For as long as any of us can remember, our chronological age has been front and center in our lives. It started with birthday parties when we were very young and, probably thanks to the greeting card industry, birthday celebrations continue as long as we live – and sometimes beyond. Just last month, some family members and I celebrated that my father would have been 110 on his birthday this year.
The list of age-dependent restrictions and exclusions is long and powerful: school eligibility, driver licenses, alcohol purchase, tobacco purchase, incarceration protocols, athletic participation, credit card worthiness, car rental eligibility, and so on. And at the upper end we have social security and Medicare, certain types of housing, approved medical tests, etc.
After witnessing some startling incongruities in how people in my own life were managing the demands of living at different points in their lives, I became intrigued by the idea of looking at people as being in a certain phase or stage of life. I find it quite striking that I have one friend running marathons and playing tennis in his late 80s and another who is housebound by rheumatoid arthritis at 68. My (then) best friend and the matron of honor at my wedding was 66 when she was diagnosed with early-onset Alzheimers, while an 87-year old friend is today the founder and leader of a global positive aging movement and is preparing for a cross-country move with her partner as I write this.
Our society has always needed some way to measure eligibility or worthiness or necessity, and so far chronological age has worked for us. But does it still? Now that people are routinely living into their 90s and 100s, we might consider framing the passages of our lives in a different way. So, when the opportunity to review a new book on alternative ways of looking at our lifespan was offered to me, I grabbed it. The book is the just-released Stage (Not Age) by Susan Golden.

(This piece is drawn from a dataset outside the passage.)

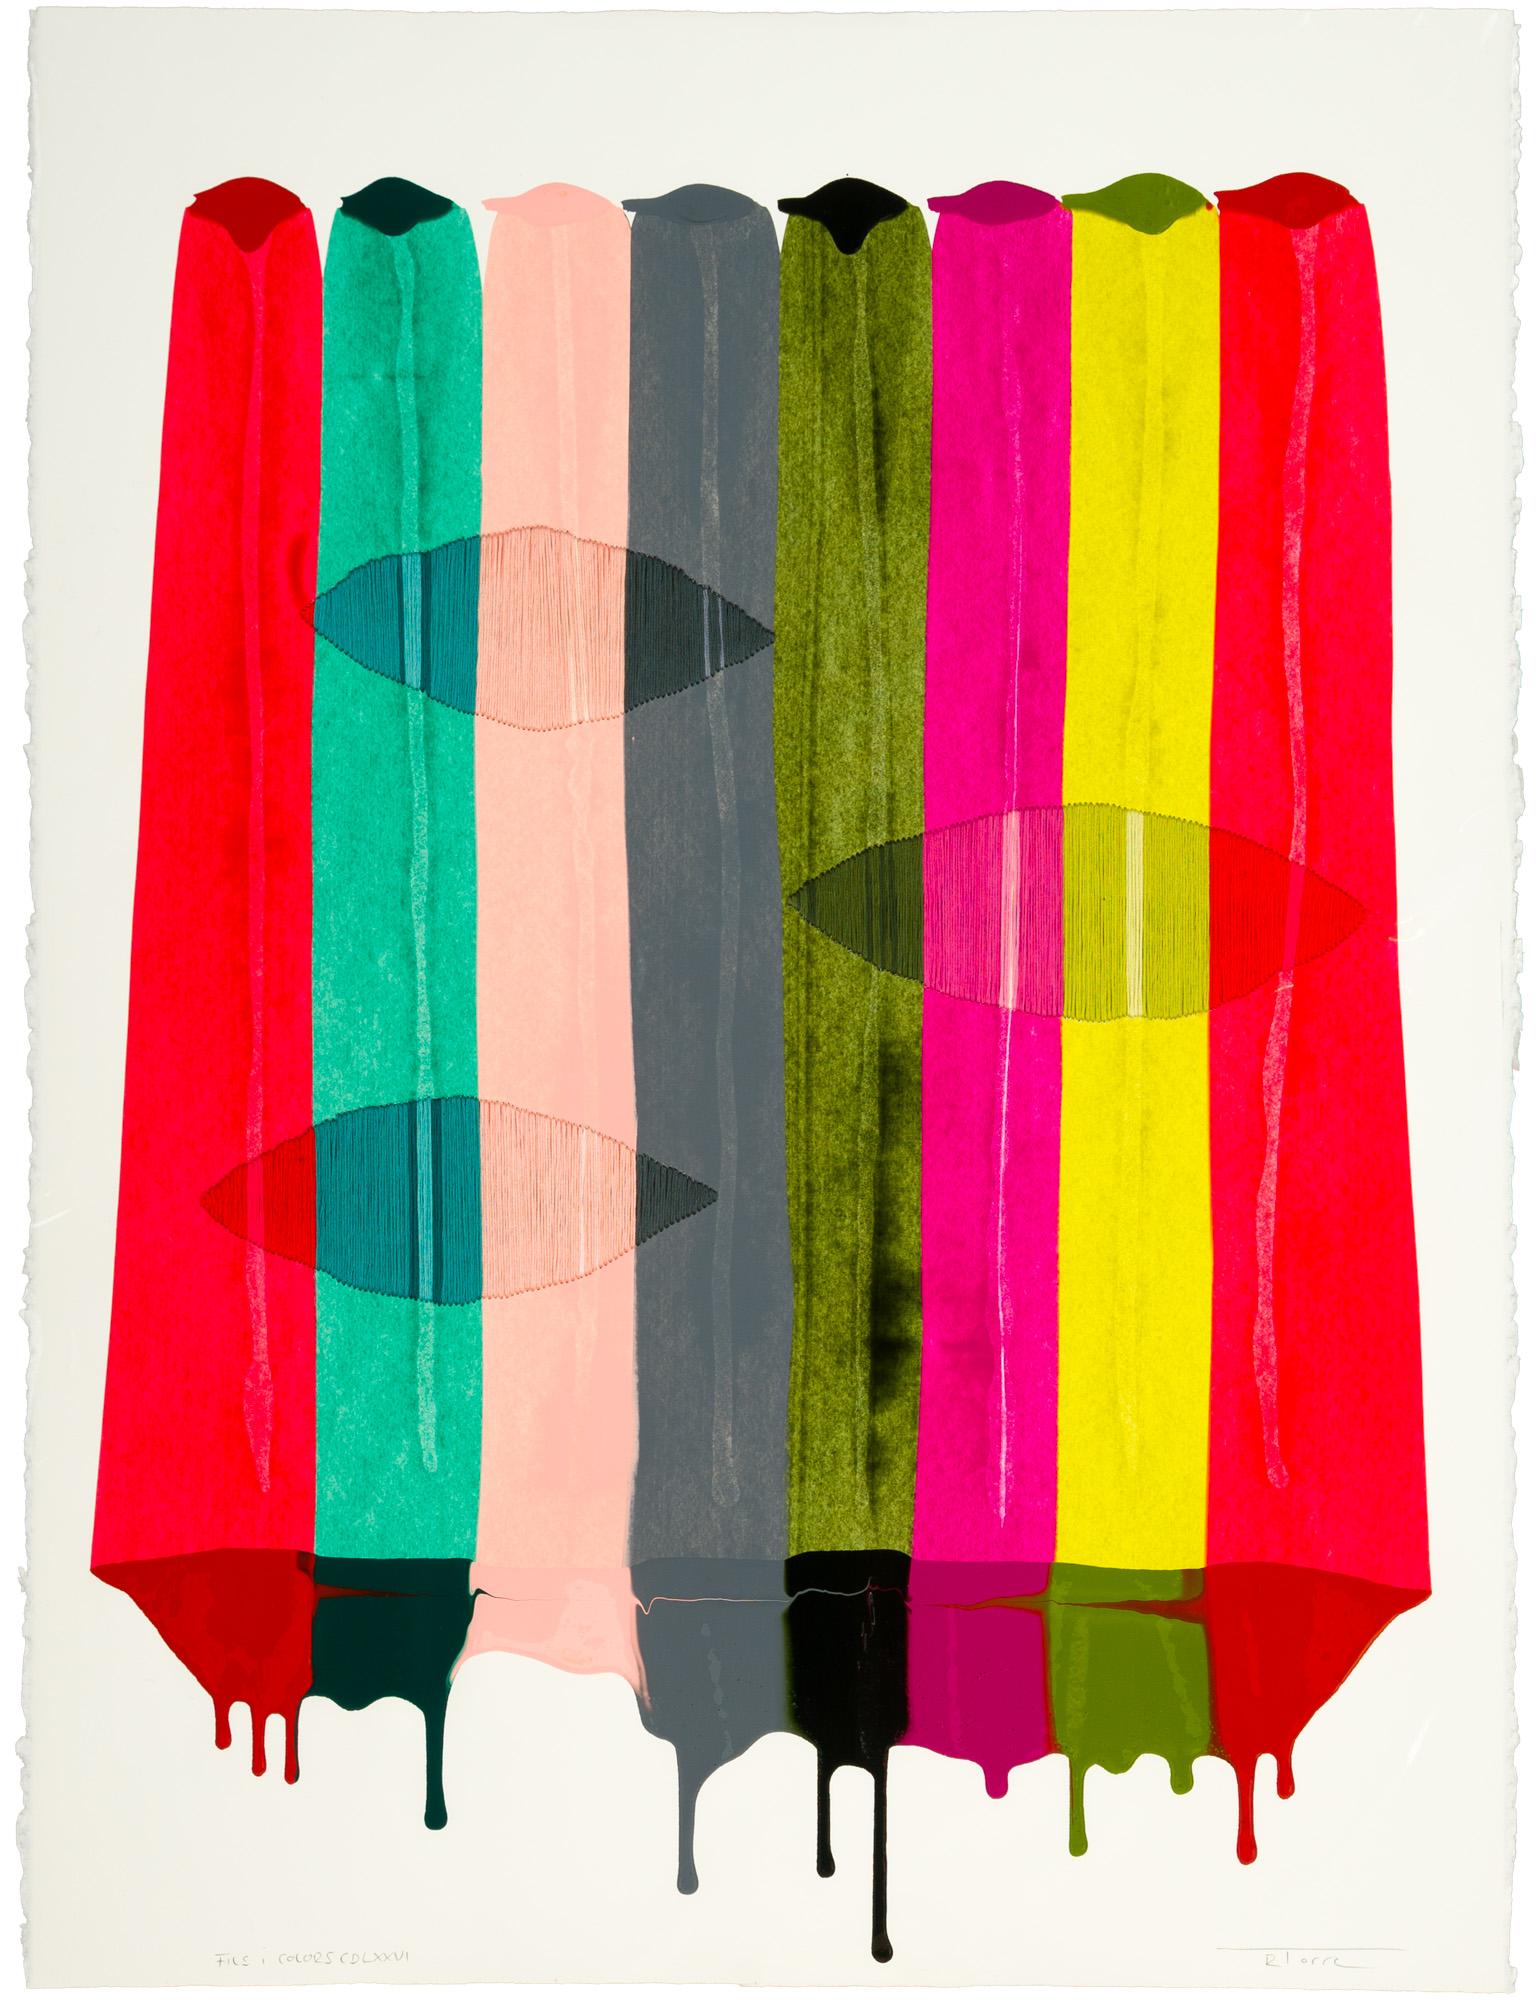 Fils I Colors CDLXXVIII - Abstract Mixed Media Art by Raul de la Torre

I was hoping for a paradigm-shattering work that offered evidence and examples of how we live life in stages, not according to preconceived notions of how a 40-something or an 80-something should act. In the first third of the book, Ms. Golden offers some excellent ideas on how to do just that. However, the lion’s share of Stage (Not Age) is actually more about how businesses should market to people in different stages of life. It reminded me a lot of Ken Dychtwald’s 2020 book, What Retirees Want.
Even though I was put off by the ultimate direction of Stage (Not Age), it is very well researched and written and deserves credit in its own right. The first part of the book is devoted to separating lifespan (an age concept) from healthspan (a stage concept). Ms. Golden does a good job of presenting the statistics on longevity and the factors that serve to increase longevity and those that hinder it. She maps out 18 stages of life and groups them into four categories: 1) Growth stages, 2) Career and family stages, 3) Reinvention stages, and 4) Closing stages. As one would expect with a book that is predominantly on aging, her main focus is on the latter two stages. She urges her audience to begin to think differently about all of these stages. She also does a good job of stressing the harm that ageist attitudes and language do to people in all walks and stages of life.

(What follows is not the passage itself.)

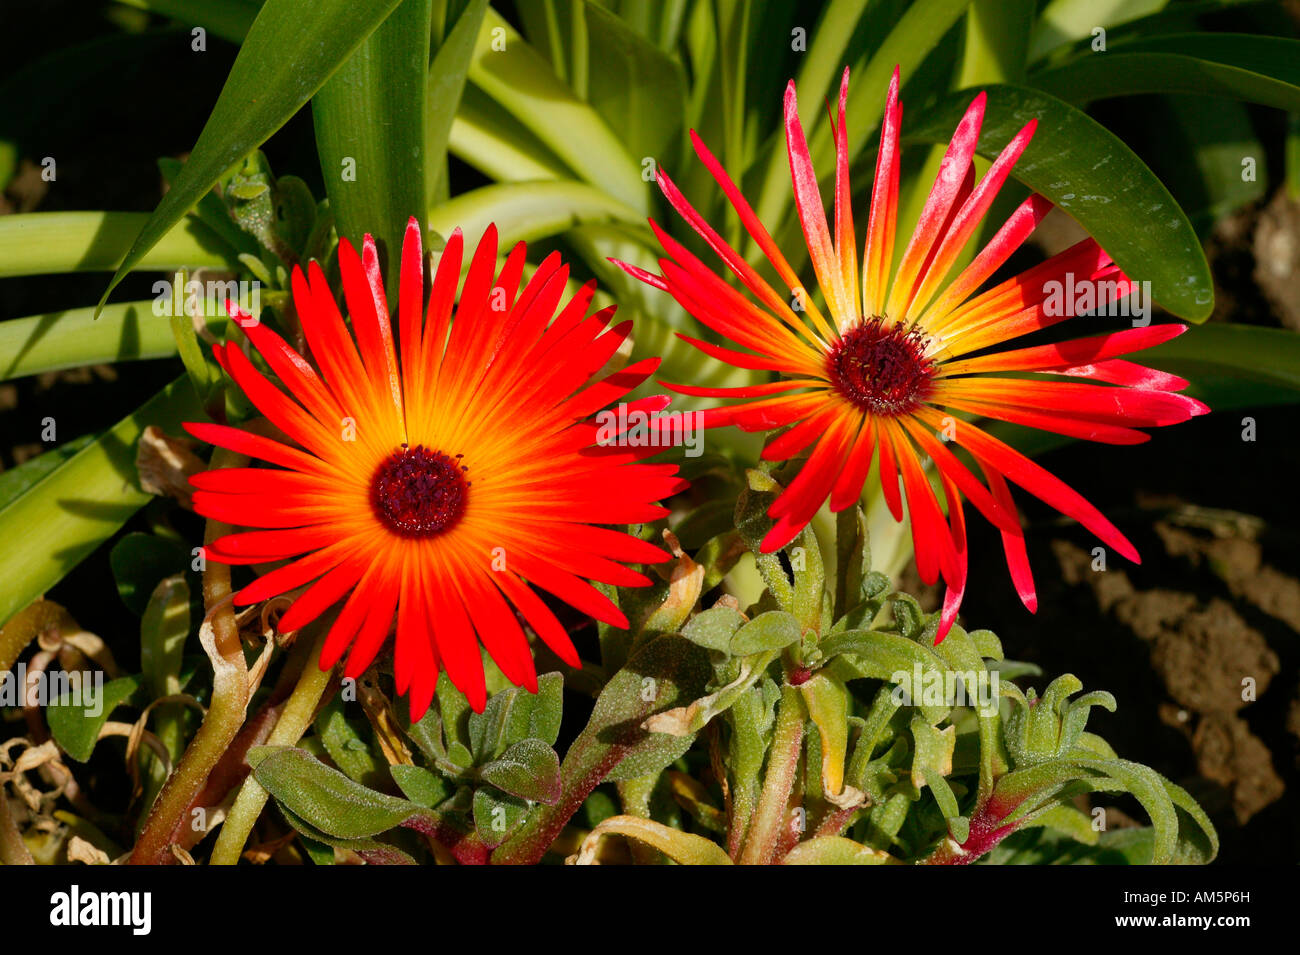 Red garden midday flower Mesembryanthenum criniflorum, South Africa Stock Photo

In order for her readers to better understand the different stages and how they play out with people of different backgrounds and advantages, Ms. Golden offers a number of examples. She carefully points out how people of the exact same age can be at very different stages of the healthspan.
After she acquaints us with the stages, she helps us see the ways in which people in these different stages have unique needs and are receptive to very different products and services. Fully two-thirds of the book is then devoted to a better understanding of how to target a business to the right people at the right point in their lives. Again, she employs excellent examples and case studies to help her readers understand exactly how to do the stage targeting she recommends. She pinpoints mainstream companies like Merrill Lynch, NikeNKE +0.2%, and Warby Parker to illustrate how they used the lens of ‘stage’ to get their marketing just right for the products and services they promoted. She also tags new innovative companies like UpsideHoM and Papa to illustrate creative, out-of-the-box ways companies are offering attractive services to people in later stages of life that involve challenges like aging in place and avoiding loneliness and isolation.
In the end, my assessment of this book is that it would be an excellent text for a marketing class or a great read for someone looking for just the right business to start. Ms. Golden has done an extremely thorough job of considering all the variables in the marketing equation. However, the first section, titled “Understanding Longevity,” could easily stand as a separate work entirely. It is the book I wanted to read and I found great value in reading just that part. The rest is marketing 101 on steroids!
All in all, Stage (Not Age) is a worthy entry to the growing lexicon of literature on aging and older adults.